2014 年 5 月 1 日

CakePHPのCoreライブラリ,Model,Controllerを複数アプリで共有

CakePHPのコアライブラリを共有できるようにしておくと、複数のアプリで利用できます。CakePHPのリビジョンが上がった場合も、常に最新のCakePHPが利用できるようになります。また、アプリ間で共通のModel,Controllerが共有できると、機能単位でアプリを分けることも可能になります。

環境

  • OS CentOS6.4
  • CakePHP 2.4.7

Coreライブラリを共有

Coreライブラリを最新に保つために、gitのsubmoduleを利用されている方もありますが、私の方法は、完全に別ディレクトリに最新のCakePHPをデプロイしておき、このディレクトリのCoreライブラリをアプリから参照する方法です。

まず、CakePHPをgithubからクローンします。例では/opt/cakephpに配置します。

$ cd /opt
$ git clone git://github.com/cakephp/cakephp.git
$ cd cakephp
$ git checkout 2.4.7 -b deploy
$ git branch
* deploy
  master

このディレクトリの./libディレクトリをアプリで共有します。

./libにphpのロードパスが通ればよいので、php.iniのinclude_pathにこのディレクトリを指定してもよいです。

include_path = ".:/opt/cakephp/lib"

php.iniを変更できないときは、アプリ側のwebroot/index.phpで以下の文を追加します。

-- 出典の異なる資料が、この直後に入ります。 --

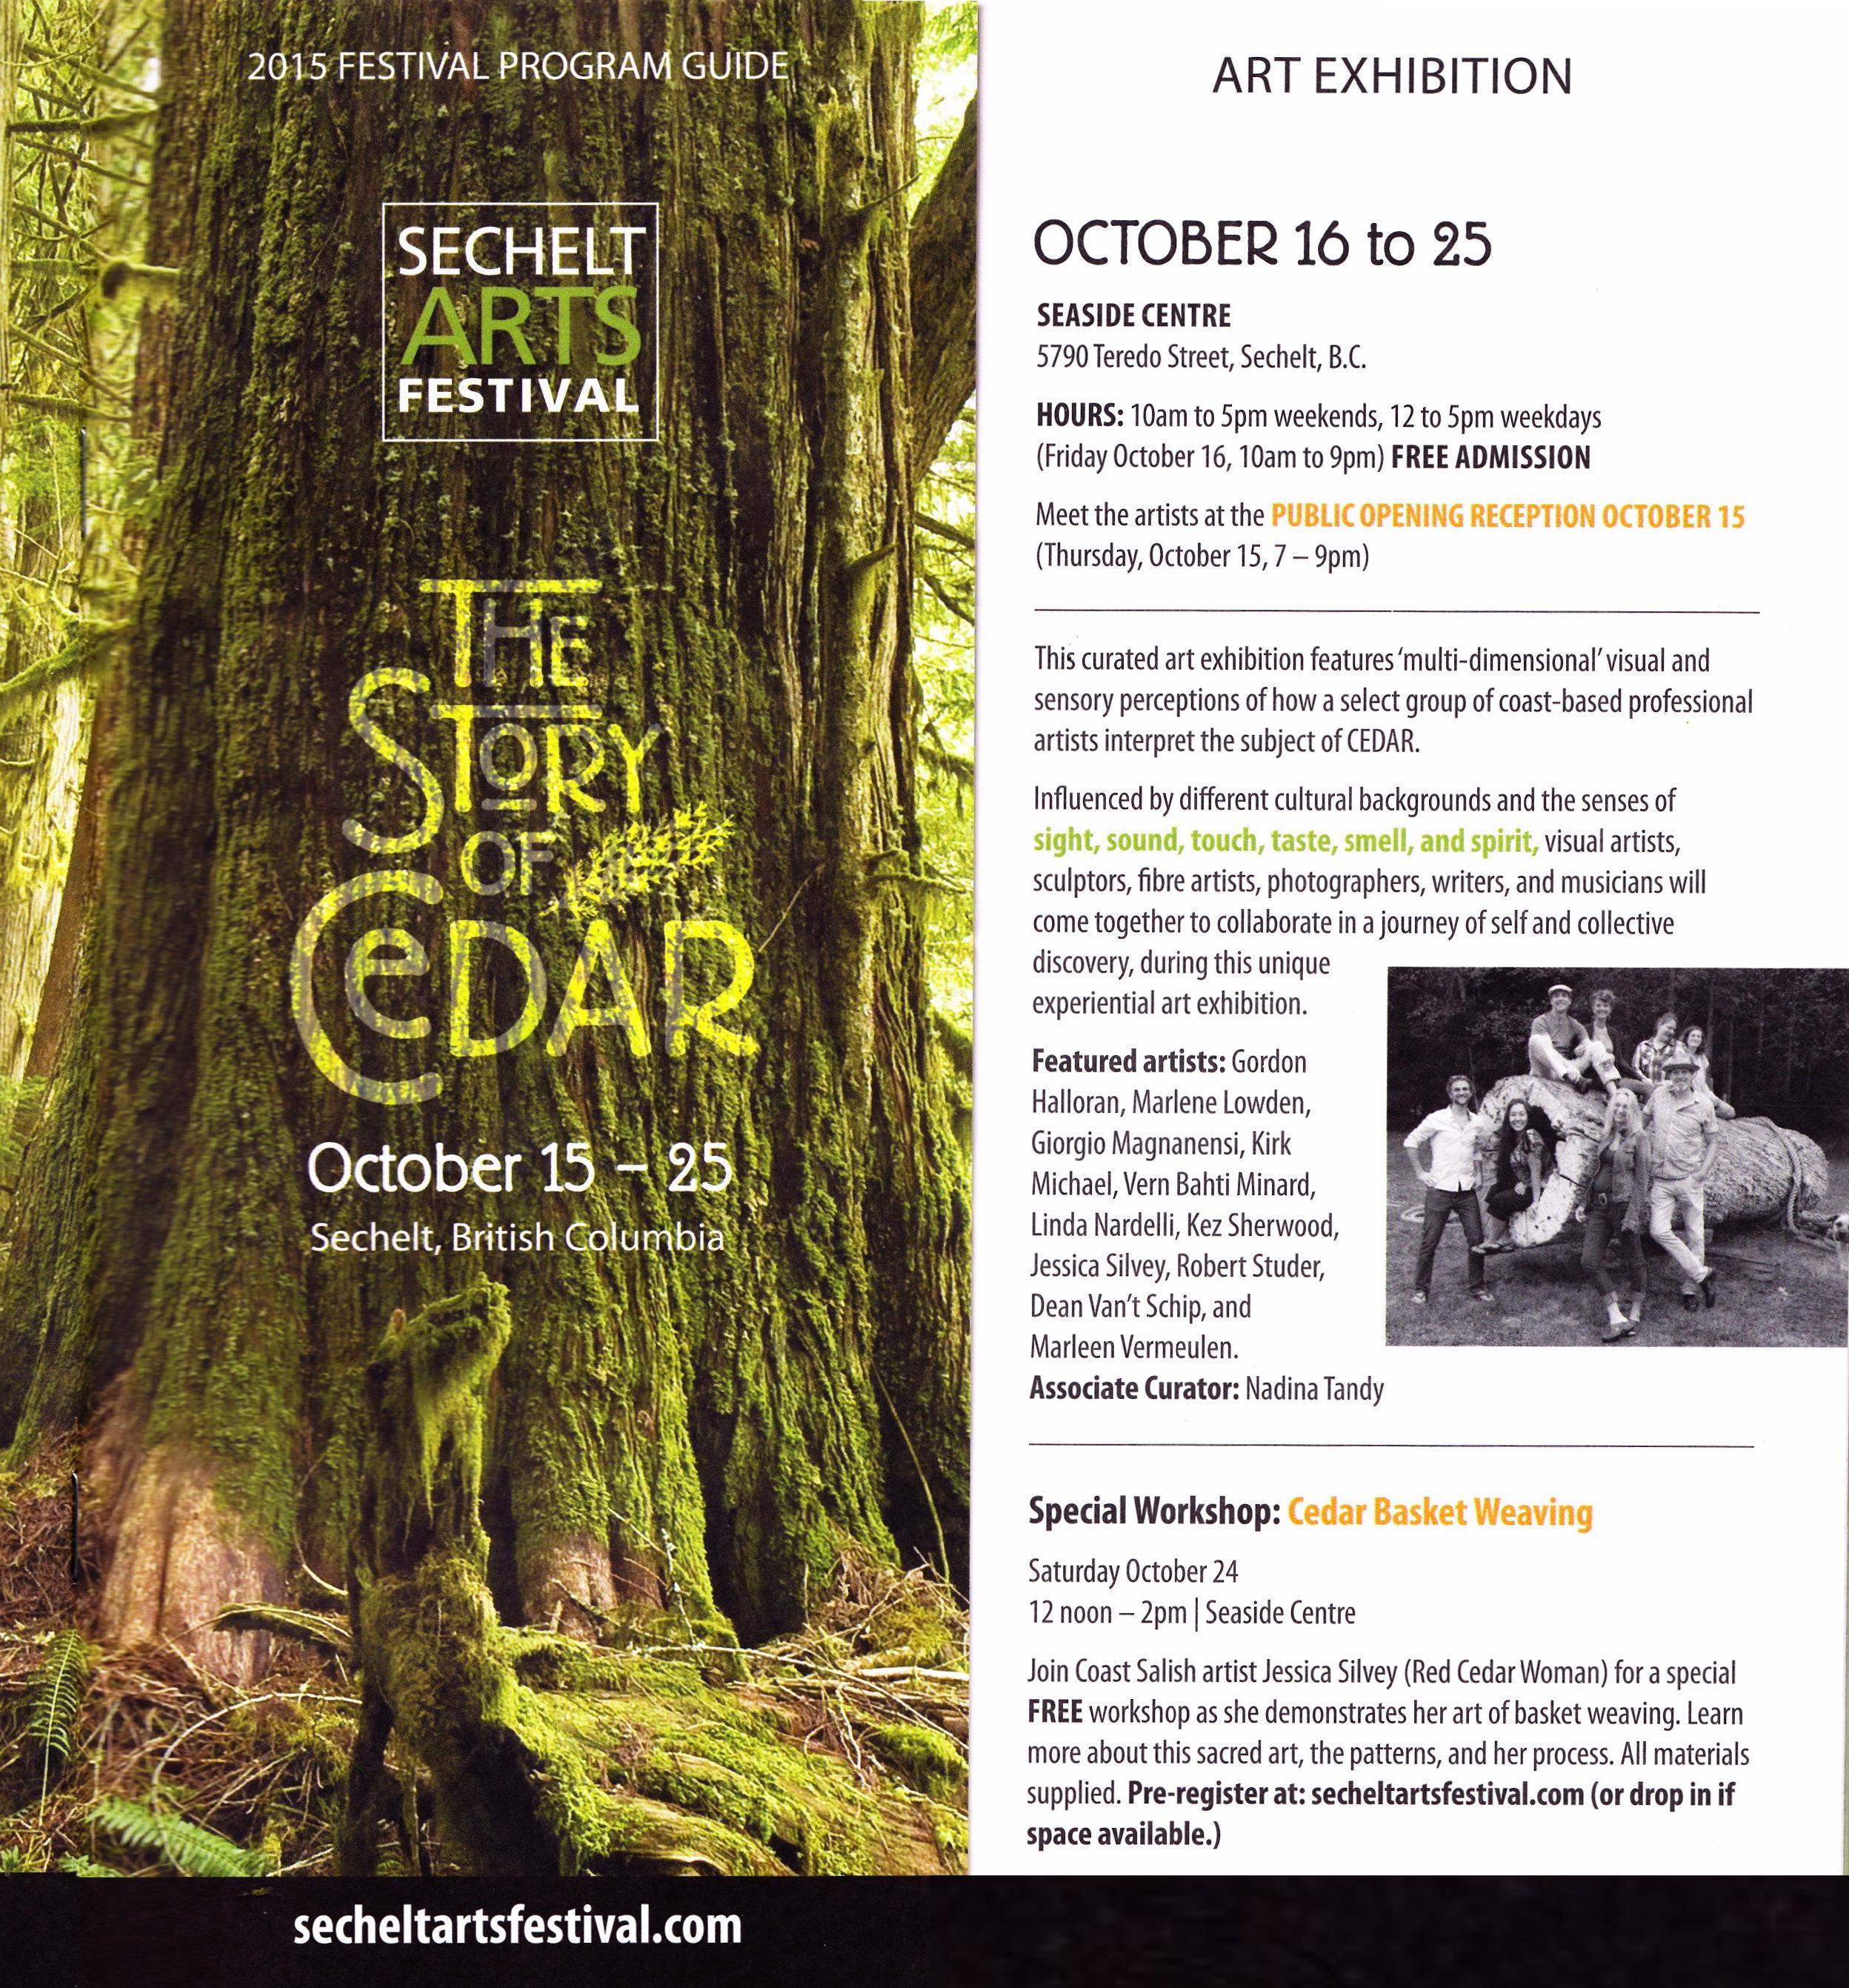 The Story of Cedar 2

define('CAKE_CORE_INCLUDE_PATH', '/opt/cakephp/lib');

これでCakePHPのCoreライブラリの共有が可能となります。

アプリ間でModel,Controllerを共有

以下のようなディレクトリ構成を作成します。commonは共通化したいクラスファイルを配置し、app1,app2から参照します。

/apps/

  common/ - 共通クラス
    Model/
    Controller/

  app1/   - アプリ1
    Config/
    Model/
    Controller/

  app2/   - アプリ2
    Config/
    Model/
    Controller/

app1,app2のConfig/bootstrap.phpで以下の文を追加します。

App::build(
  array(
    'Model' => array('/apps/common/Model'),
    'Controller' => array('/apps/common/Controller')
  )
);

これで、commonのModel,Controllerが共有できるようになります。このようにCoreライブラリやアプリ間の共通クラスを共有しておくと、将来の保守やフレームワークのセキュリティパッチ適用が簡単になります。